Dataset excerpt:
---*---
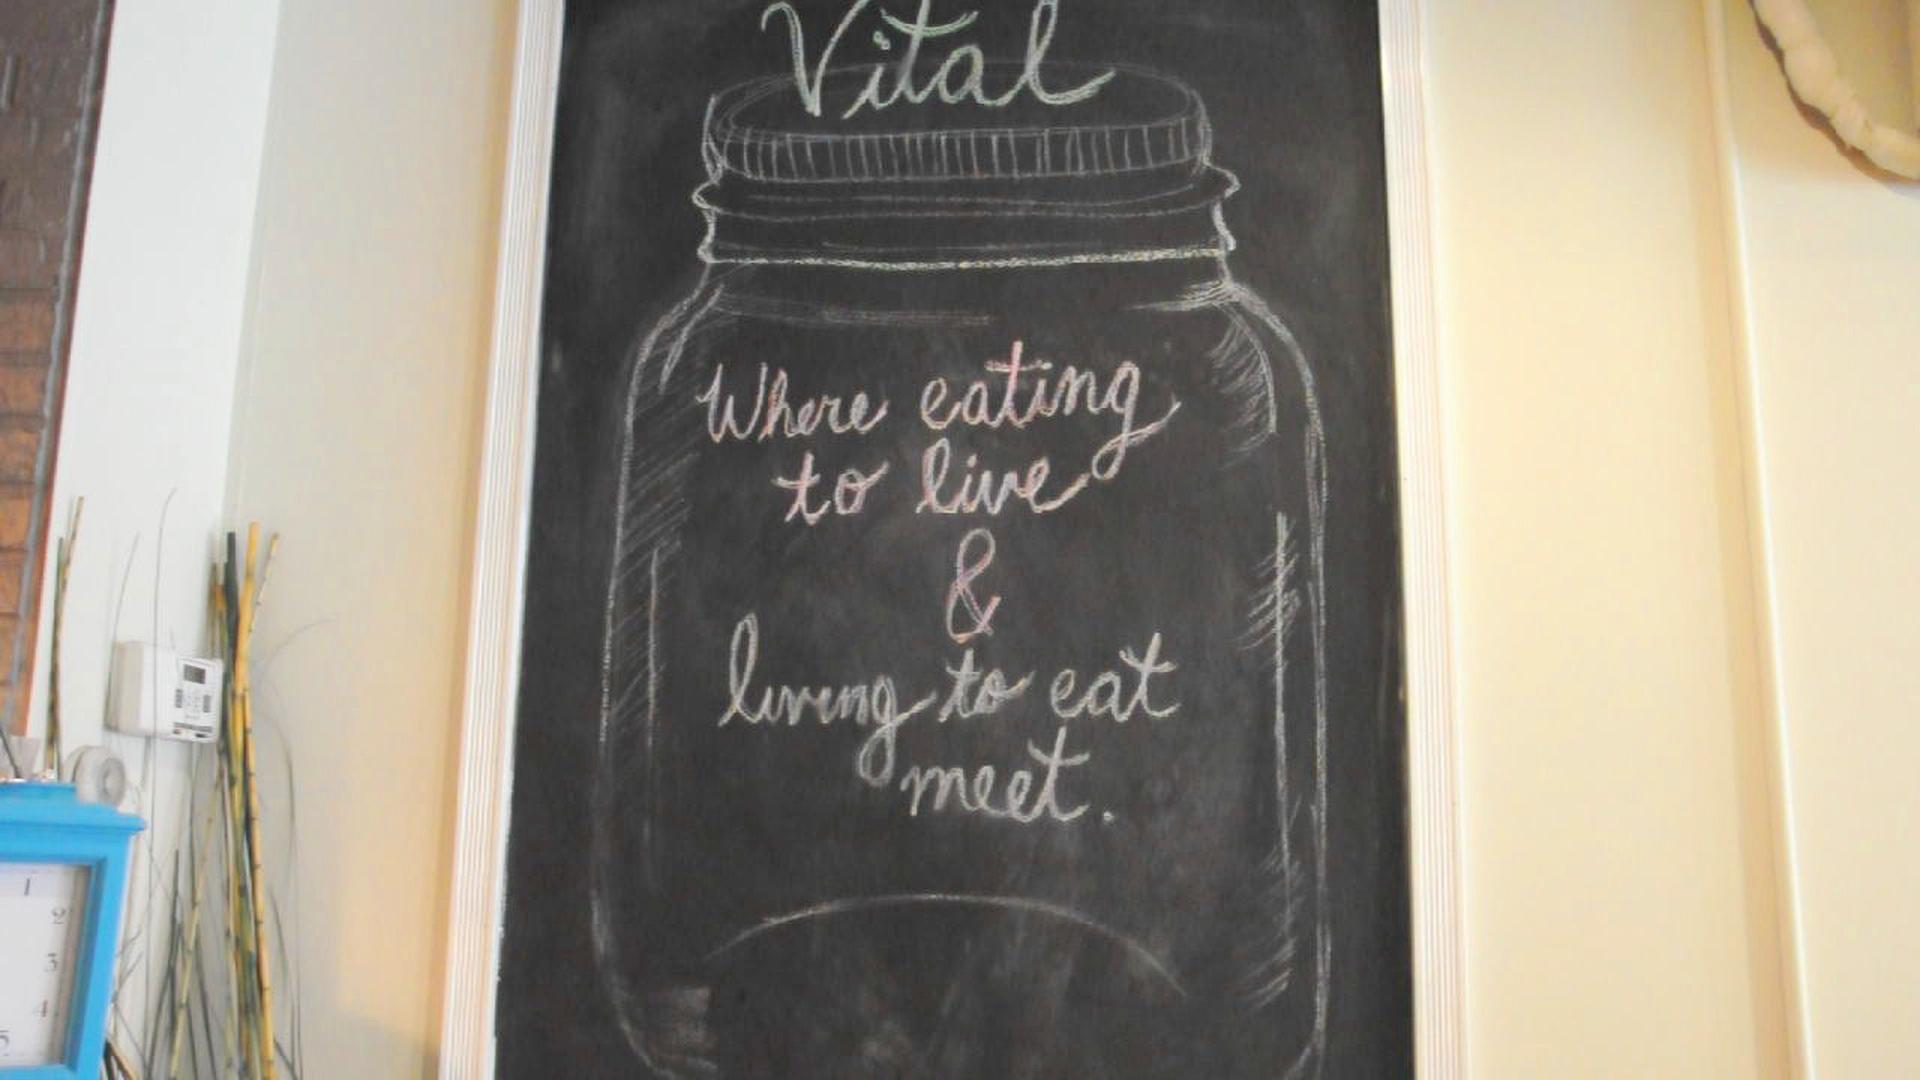 """Vital:Where eating to live & living to eat meet."""
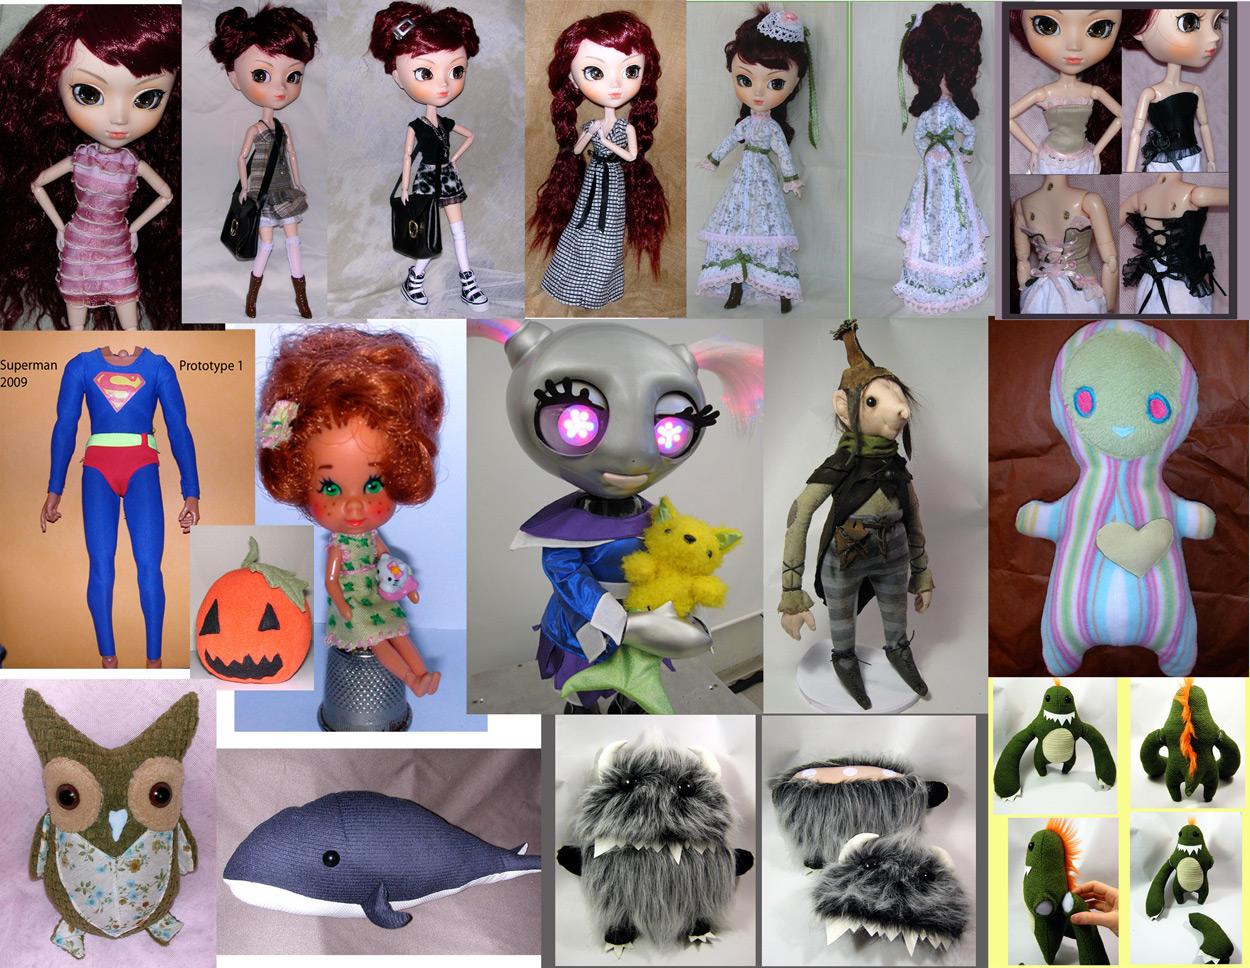 toys-collage1.jpg
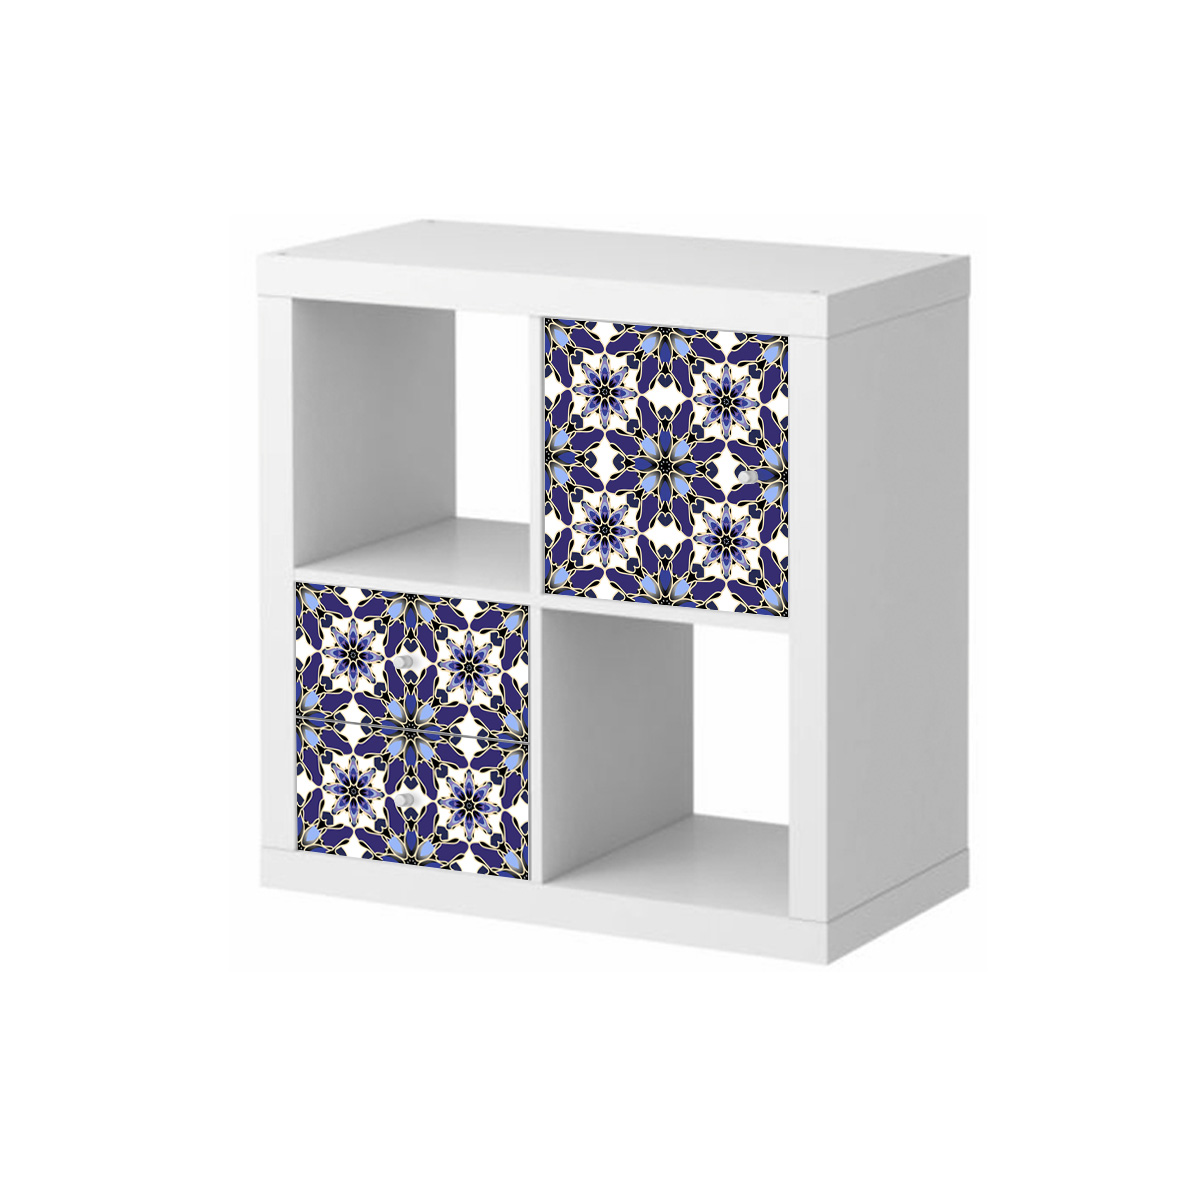 Stickers meubles ikea stickers meubles ikea vitrail en for Nourriture chez ikea
---*---
What you have to do: Would you repeat the listing word for word and skip every picture?

Answer section:
 """Vital:Where eating to live & living to eat meet."""
 toys-collage1.jpg
 Stickers meubles ikea stickers meubles ikea vitrail en for Nourriture chez ikea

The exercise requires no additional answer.